Тем не менее есть причины для скепсиса. Как мы видели, МИД в 1905 году считал, что договор 1839 года не обязывает Великобританию отстаивать бельгийский нейтралитет “в любых обстоятельствах и любой ценой”. В 1912 году не кто иной, как Ллойд Джордж, выразил опасение, что в случае войны соблюдение англичанами бельгийского нейтралитета сделает блокаду невозможной. Заметим, что 29 июля, когда этот вопрос поставили на заседании кабинета министров, было принято решение ответить на германское вторжение в Бельгию исходя из “политики”, а не “договорных обязательств”{880}. Тактика правительства, таким образом, заключалась в скрытых намеках немцам, что вследствие нападения на Бельгию английское общественное мнение может “перемениться”. Так, Грей на германские внешнеполитические маневры ответил предупреждением кабинета о том, что “в случае нарушения бельгийского нейтралитета… справиться с возмущением в обществе будет в высшей степени затруднительно”{881}. При этом само правительство не захотело связать себя обязательствами. Неудивительно, что некоторые министры предпочли бы уклониться от выдачи гарантий бельгийцам.
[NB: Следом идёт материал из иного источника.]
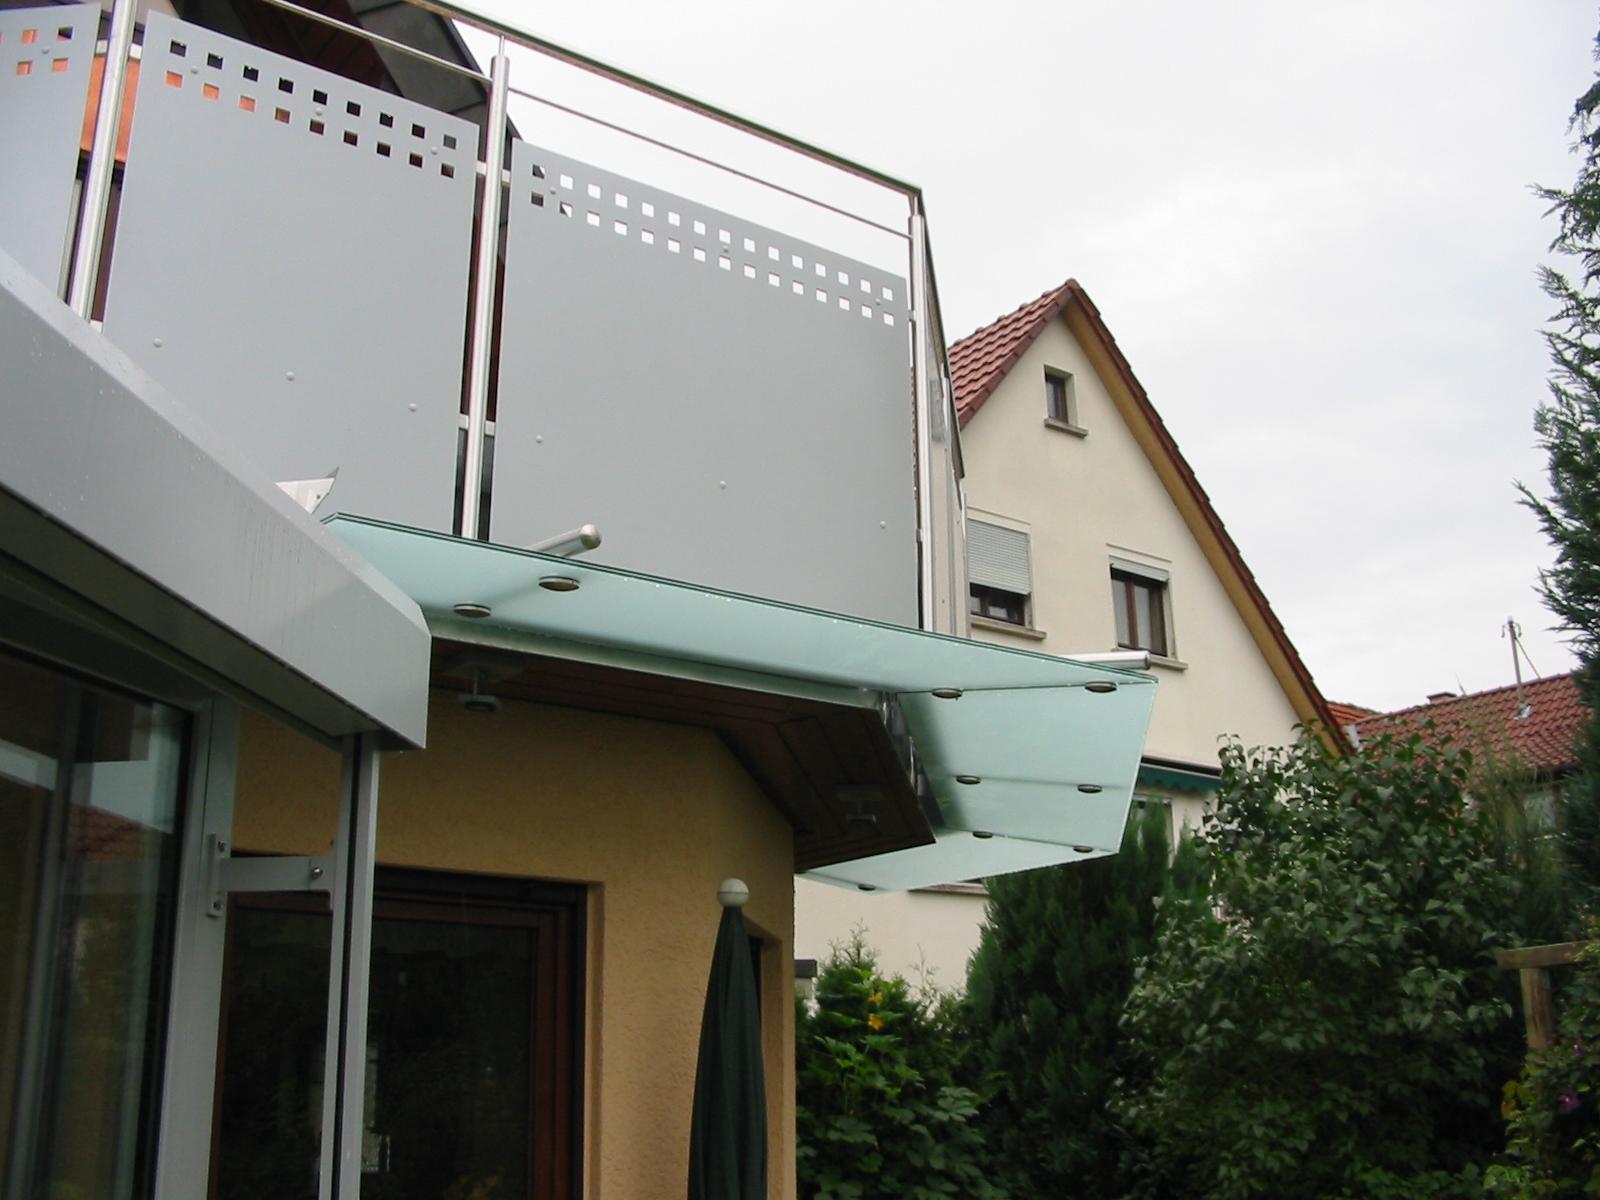 Wochinger Metallbau

Лорд Бивербрук вспоминал, как Ллойд Джордж (и некоторые другие) высказывался, что немцы могут “пройти лишь по дальнему югу” Бельгии и что это будет означать “незначительное нарушение нейтралитета. «Видите? — спрашивал он [указывая на карту]. Всего чуть-чуть. К тому же немцы целиком возместят ущерб»”{882}. Многие ожидали (и неверно), что бельгийцы вообще не обратятся за помощью к англичанам, а в случае наступления германских войск через Арденны просто ограничатся формальным протестом. Призыв немцев 29 июля к невмешательству Англии ясно указал на их приготовления к вторжению в Бельгию. Но даже утром 2 августа (после того как Ягов отказался гарантировать бельгийский нейтралитет) Ллойд Джордж, Харкорт, Бичем, Саймон, Ренсимен и Пиз сошлись в том, что рассмотрят возможность участия англичан в войне лишь в случае “захвата Бельгии целиком”. Чарльз Тревельян придерживался той же точки зрения{883}. Осторожная формулировка принятого в тот вечер решения кабинета, о котором маркиз Кру известил короля, гласила, что “значительные нарушения [бельгийского] нейтралитета поставят нас в положение, которое предвидел г-н Гладстон в 1870 году, в котором… нас вынудят действовать”{884}.

Таким образом, полученные утром 3 августа известия о германском ультиматуме Бельгии принесли Асквиту некоторое облегчение. Требование Мольтке предоставить германским войскам право прохода через всю территорию Бельгии, ответ короля Альберта I, что Бельгия намерена сопротивляться любому нарушению своего нейтралитета, и начавшееся на следующий день вторжение, по словам Асквита, очень “упростили дело”: это позволило Саймону и Бичему отозвать прошения об отставке{885}. Запоздалые попытки Мольтке и Лихновского гарантировать территориальную целостность Бельгии после войны (как и циничная ложь немцев о вступлении в Бельгию французских войск) оказались напрасными{886}. Когда Бетман-Гольвег пожаловался Гошену, что “Англия намерена воевать… ради бельгийского нейтралитета” — “из-за клочка бумаги” (un chiffon de papier), — он не увидел главного. План Шлиффена, предполагавший наступление через всю территорию Бельгии, в Англии помог устоять правительству либералов{887}.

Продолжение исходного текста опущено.